Part 2 of Student Writing Checklists

Looking At and Learning From Student Work, Part Two: Now What?

An 8th grade teacher models the process of using writing analysis checklists to make plans for future writing instruction

Remember Theresa?

Theresa is the middle school humanities teacher whose students have been studying World War One. After several weeks of immersion into the disaster of that war, they grappled (as senators did in 1919) with whether or not the best way to prevent another such world war was for the United States to join the newly formed League of Nations.

Theresa’s hope for her students was clear to her – that they would be able to show their grasp of the complexity of this huge historical and complicated issue by making a reasonable claim about joining the League, then developing that claim with reasons and accurate historical evidence. In other words, a proficient and effective piece of argument writing.

To get a good handle on this for herself as their teacher, Theresa had used an Instructional Analysis checklist for 8th grade argument writing.

Let’s take a look at that checklist, below.

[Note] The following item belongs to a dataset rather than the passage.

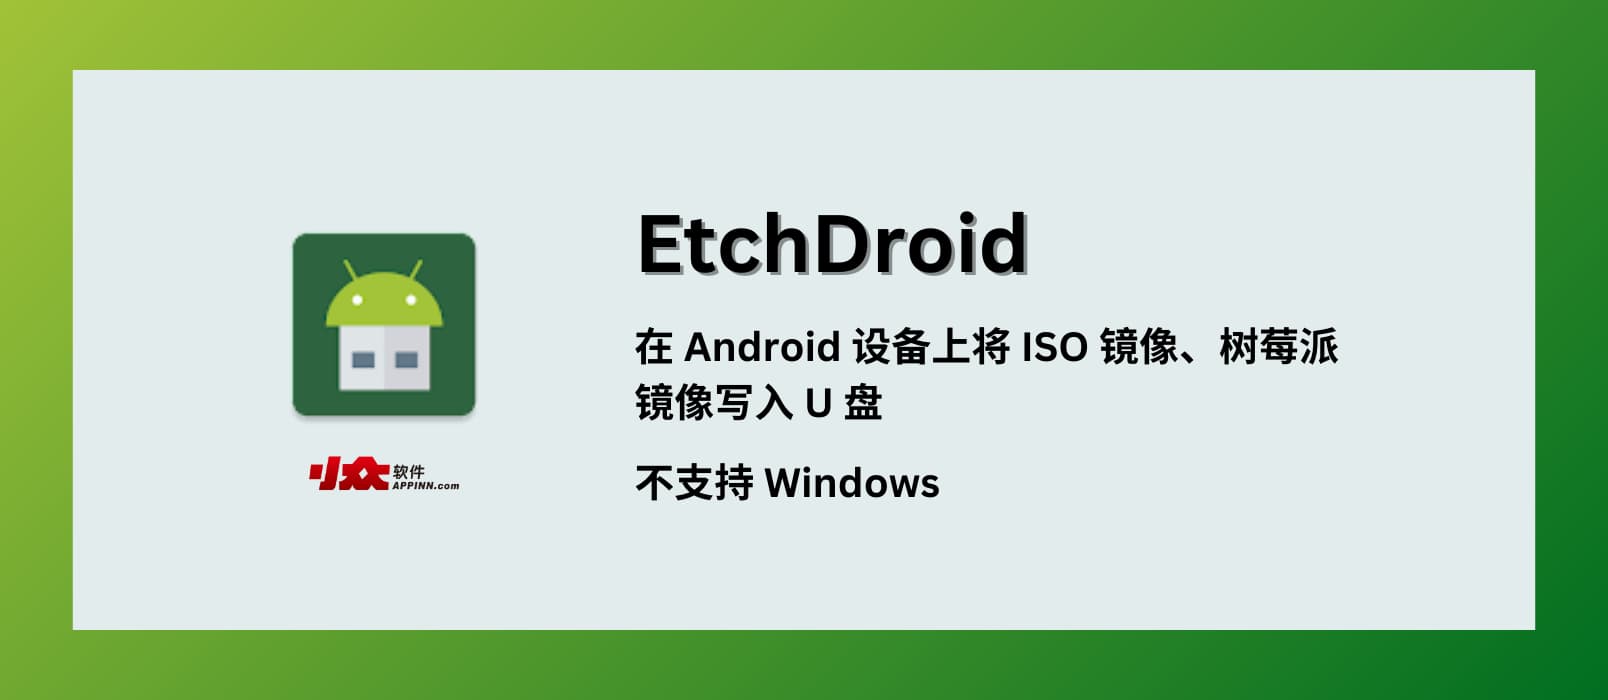 EtchDroid - 在 Android 设备上将 ISO 和 DMG 镜像、树莓派镜像写入 U 盘

Theresa has carefully analyzed her 32 student essays, using her benchmark for “proficient” for this argument essay, and the checklist, to record what she was seeing.  Comparing their writing against that benchmark, Theresa has noted what each student did in terms of each criterion for solid, content-based argument writing – were they proficient? Were they developing? Was there no real evidence at all?

To do that recording, Theresa used each student’s initials, recorded in the appropriate column. (Note that for our purposes, we are looking only at 7 of Theresa’s students.)

Now, comes the real learning for Theresa:

  • What patterns is she seeing in this work?
  • What can her students do well?
  • What can they not yet do well?

Analyzing the patterns

Let’s step inside Theresa’s head for a moment as she learns from her students:

“Well, it’s pretty easy to see that three of these kids (CK, SA, and AL) have a good grasp of this content – they all showed solid understanding (for 8th graders) of this complicated issue. It’s so interesting…..they did not all make the same claim about whether or not it was a good idea to join the League of Nations, but they did all make a reasonable claim – so that’s good.

 Really, these three kids were proficient in every aspect of this task, even working with an accurate counterclaim and then rebutting it to support their own claim. I was worried about that – I know how hard that kind of thinking is for kids to do – so I’m glad to see that some of my kids got it! In fact, some of them got it so well that I think they may be ready for more of a challenge next time – I’ll need to give that some thought.

 Hmm……let me look a bit more closely. It looks like most of the kids were able to make a reasonable claim about joining the League (or not), and then organize their reasons and evidence pretty well – that’s great.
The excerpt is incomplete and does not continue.